We believe Comcast and Charter’s current MVNO expires early next year and negotiations for a new one will kick off later this year if they haven’t started already. Uncertainty over EchoStar’s fate will ensure that the Cable companies have adequate leverage to secure the same economic terms they have today, or better.
The three national carriers want to buy EchoStar’s spectrum. They don’t want EchoStar to continue independently. The only thing worse than that would be the sale of the spectrum to an alternative company that would operate a competing network.
Cable has two cards to play.
First, EchoStar selling spectrum depends on them failing as a carrier. If Cable signed an MVNO with EchoStar it would significantly improve EchoStar’s prospects of surviving as a network operator. Verizon would stand to lose a lot of revenue and cash flow.
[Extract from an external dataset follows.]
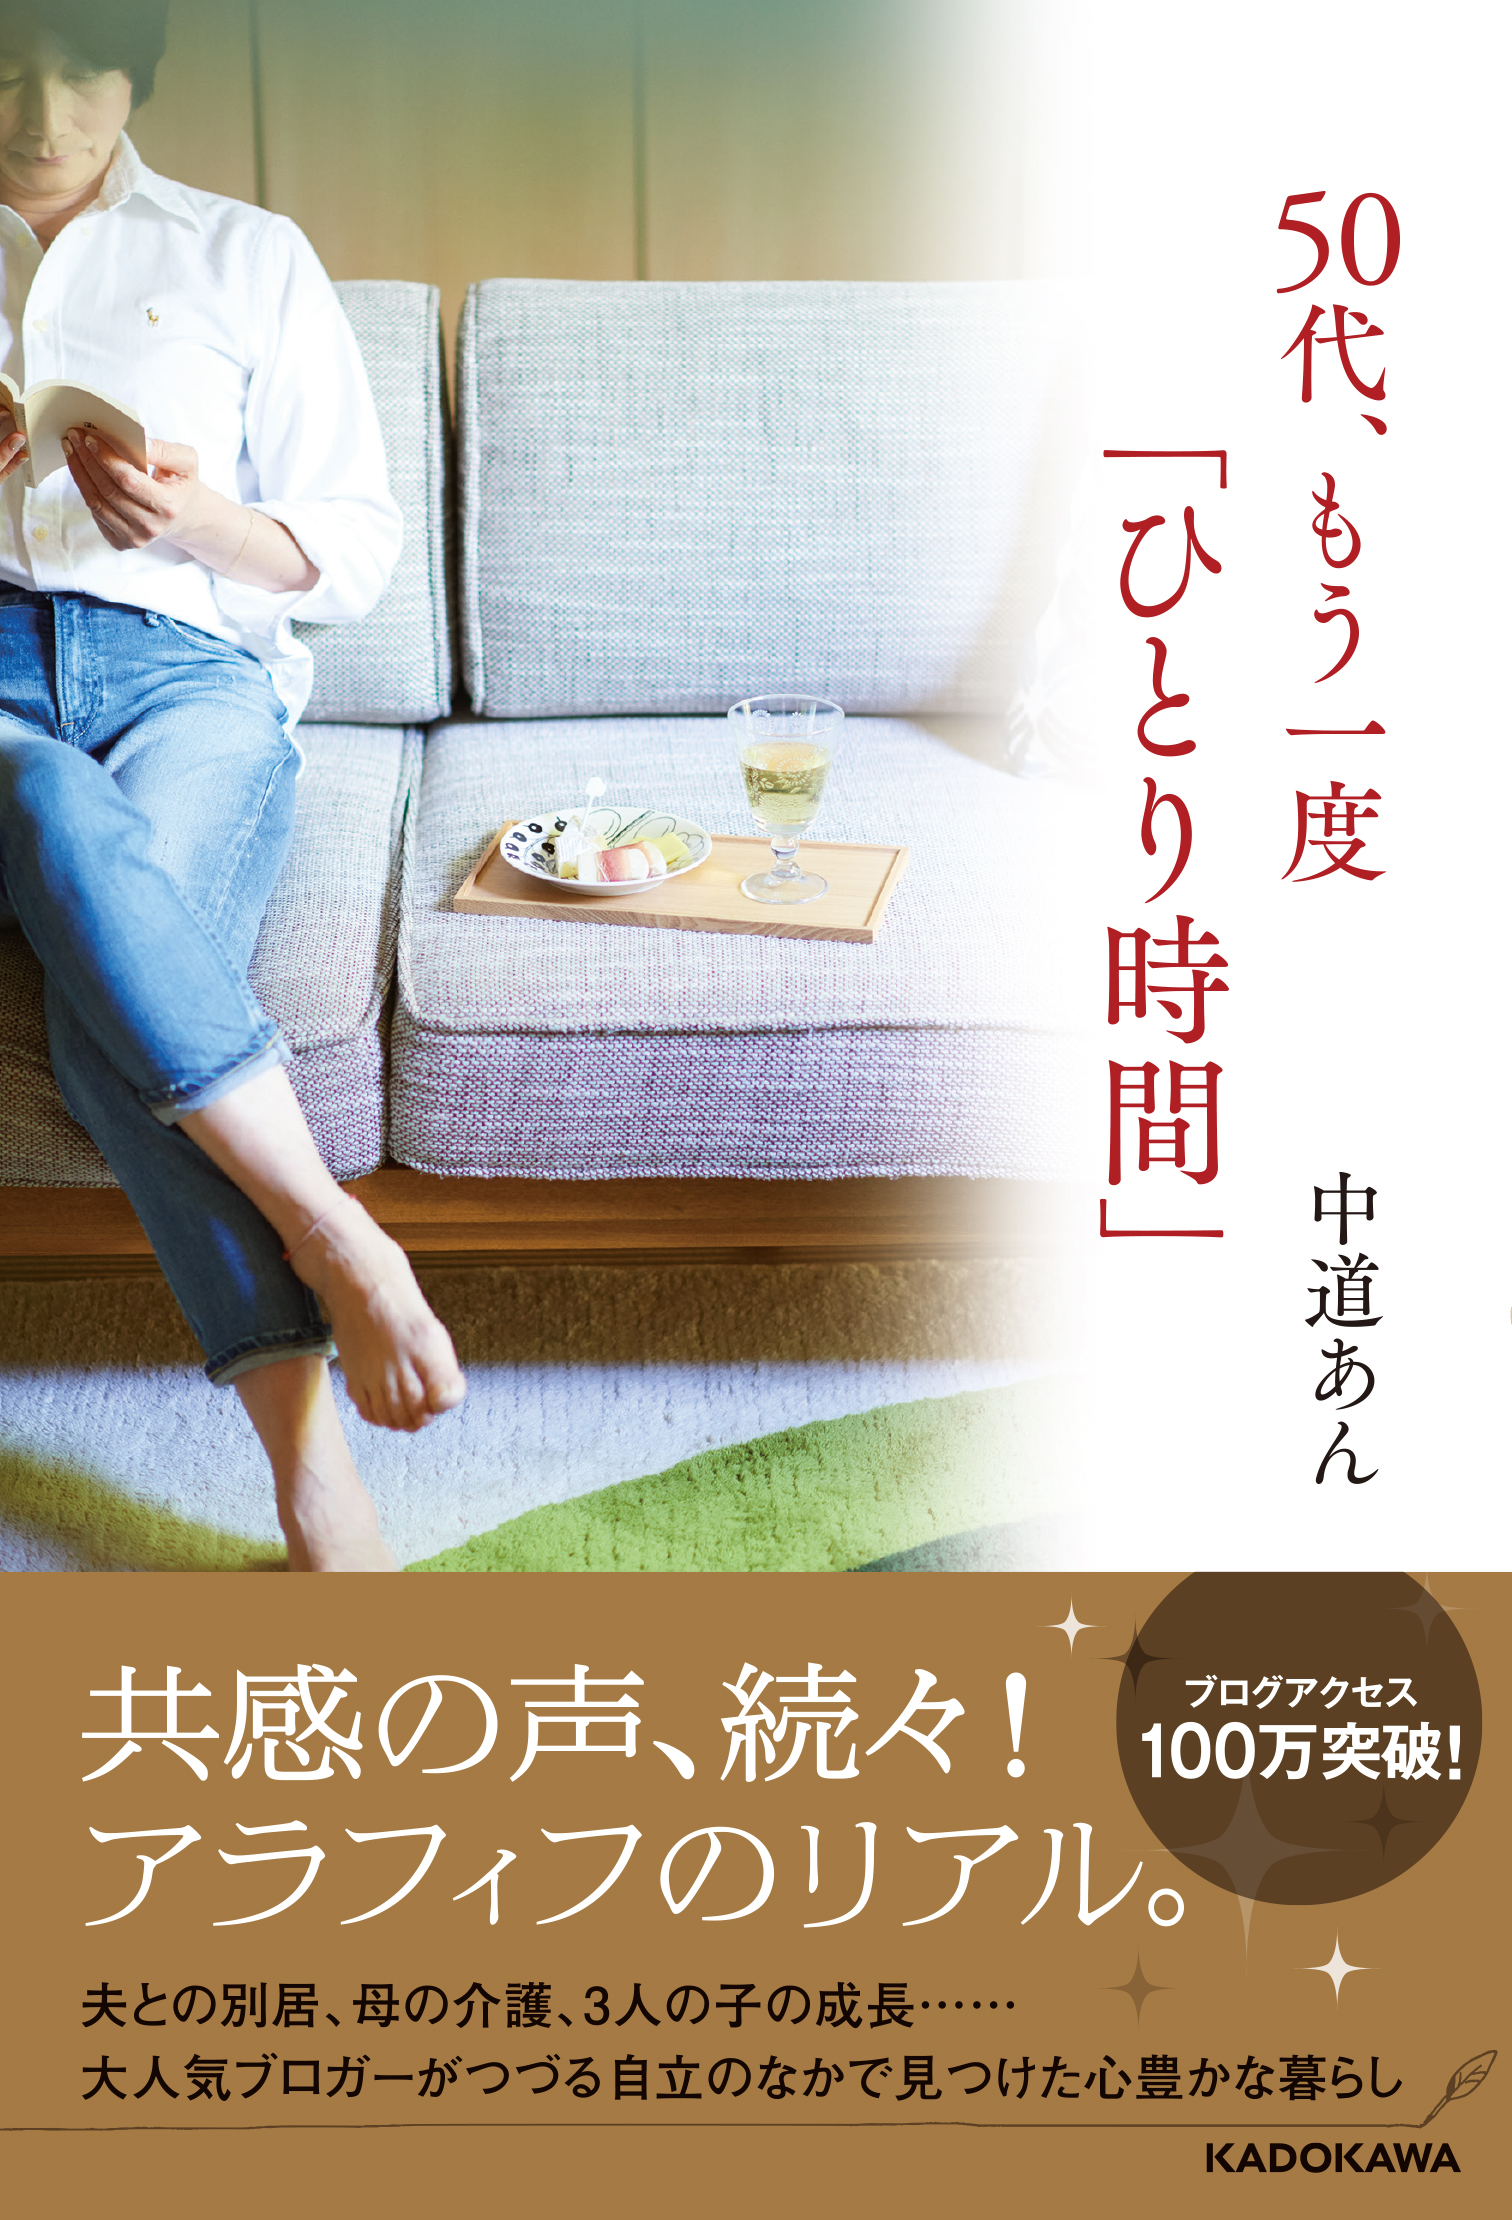 50life_cover-obi.jpg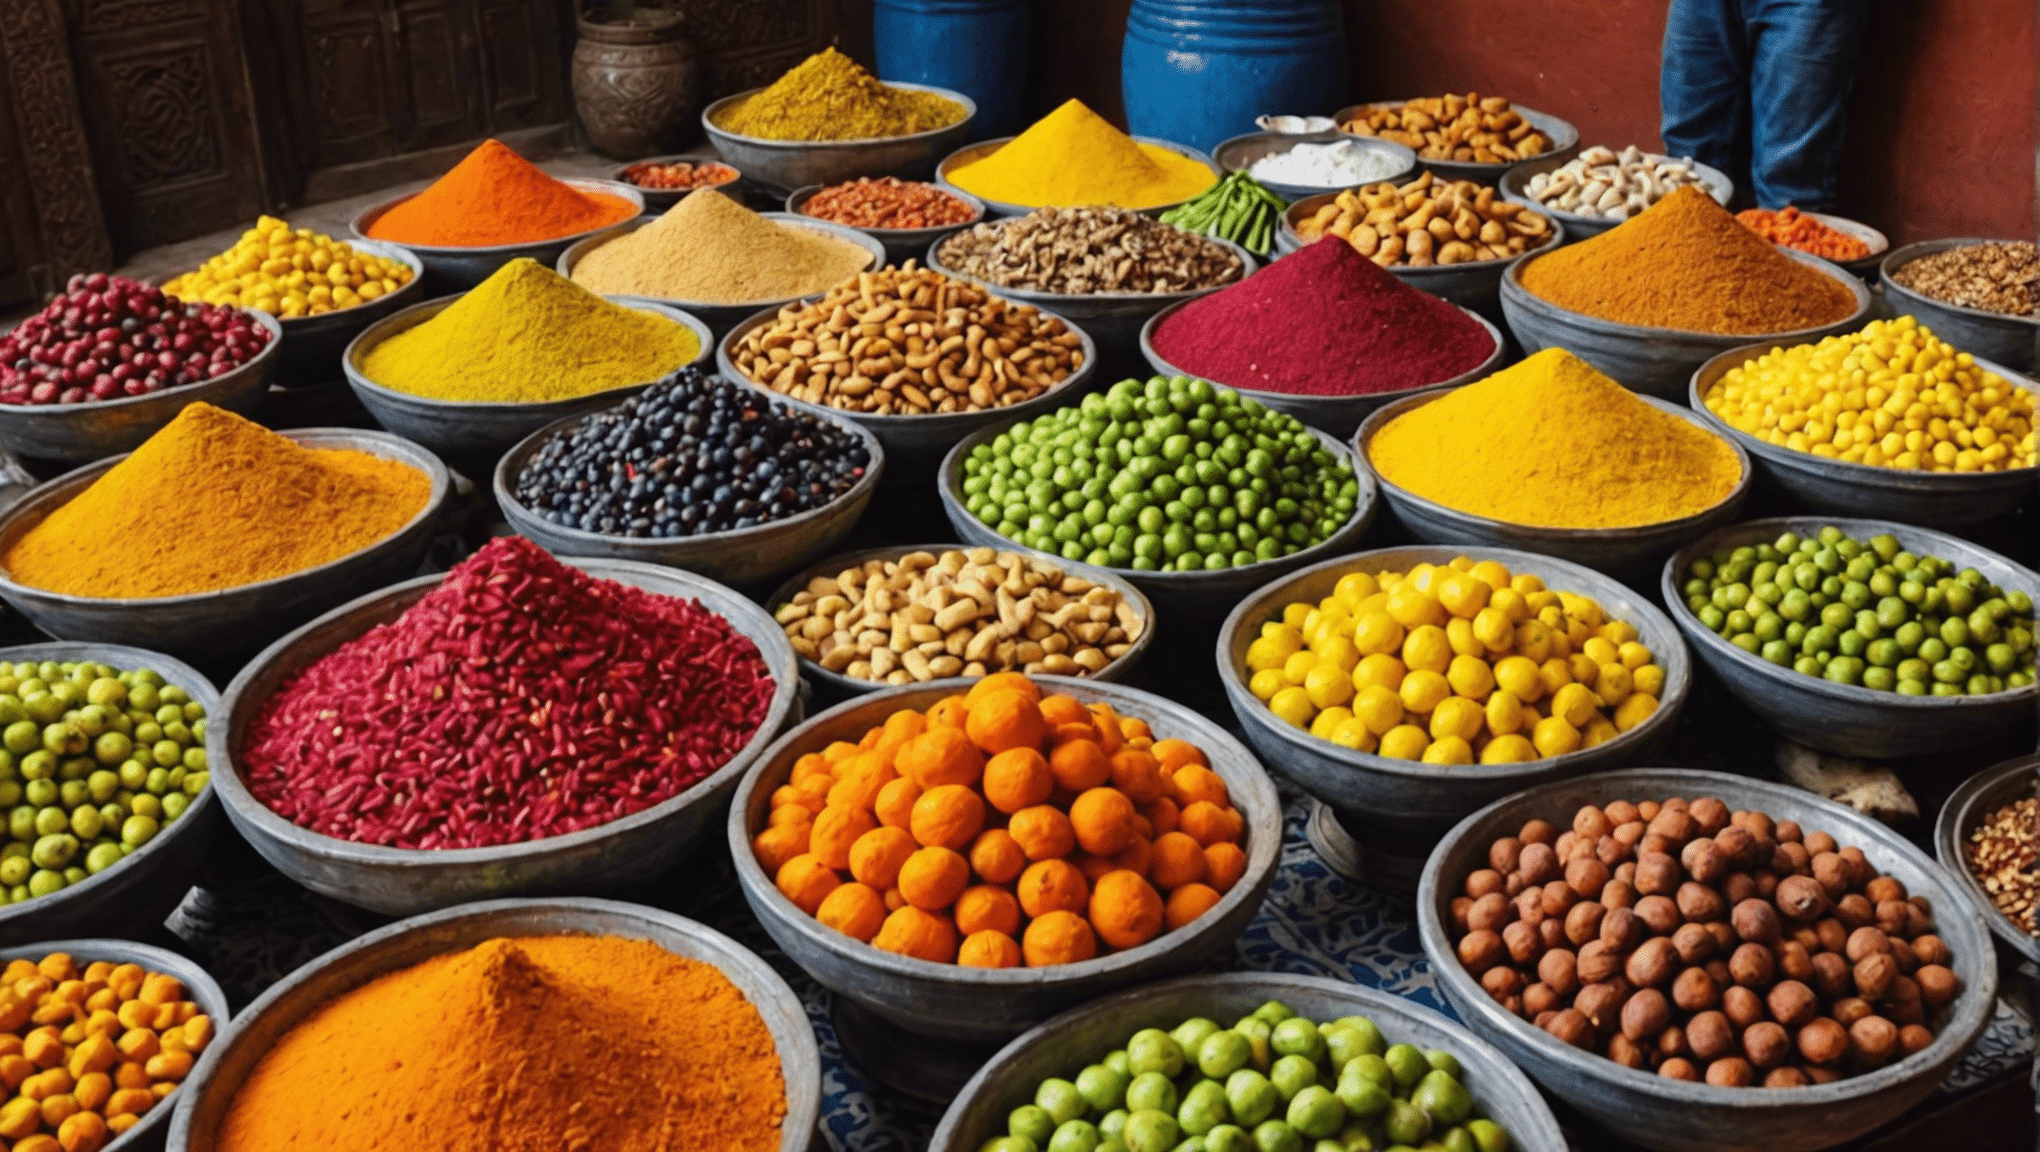 Gönnen Sie sich die exotischsten Köstlichkeiten Marrakeschs und stellen Sie Ihren Mut bei einzigartigen kulinarischen Erlebnissen auf die Probe. Entdecken Sie den furchtlosen Feinschmecker in Ihnen!

We suspect Cable would prefer to stay with Verizon – it is simpler – but not at any price.
Second, Cable will have a strong voice in an analysis of competitive dynamics in mobile by the DOJ or the FCC. The biggest risk to the three national carriers being allowed to buy the spectrum stems from Cable saying they are willing to buy it. We suspect they have no interest in buying spectrum at market prices, but if they can buy it cheaply because the three national carriers can’t bid…maybe. Conversely, if they are unwilling to buy the spectrum, even at a discount, and if they express the view that a fourth network is untenable, this will provide strong evidence in favor of approving a sale to the big three.
Given the range of outcomes, Verizon will have a strong incentive to give Cable a good MVNO. AT&T and T-Mobile will also.
And a good MVNO for Cable provides the strongest prospect of robust competition in the end market.
Implications for carriers
The three national carriers need EchoStar’s spectrum to feed the steady growth in consumption on mobile networks. Most of EchoStar’s spectrum can be immediately deployed on existing networks at no incremental cost, making it more valuable than new bands that will take five years or more to clear and will require new network equipment. The carriers benefit from scenarios that result in EchoStar selling spectrum.
The status quo is neutral. EchoStar’s Boost business has had no impact on the three national carrier’s mobile businesses so far. If Boost continues to compete with little impact, the carriers are no better or worse off.
A sale of spectrum to anyone other than the three national carriers would be a bad outcome.
[i] “Dish commits not to sell its AWS-4 and 600 MHz spectrum for at least six years without the prior approval of both the DOJ and FCC. For that same period of time, Dish further commits not to lease, directly or indirectly, “to any of the three largest wireless providers, or any combination thereof, traffic accounting for more than 35% of the network capacity on its 5G network without prior FCC approval.”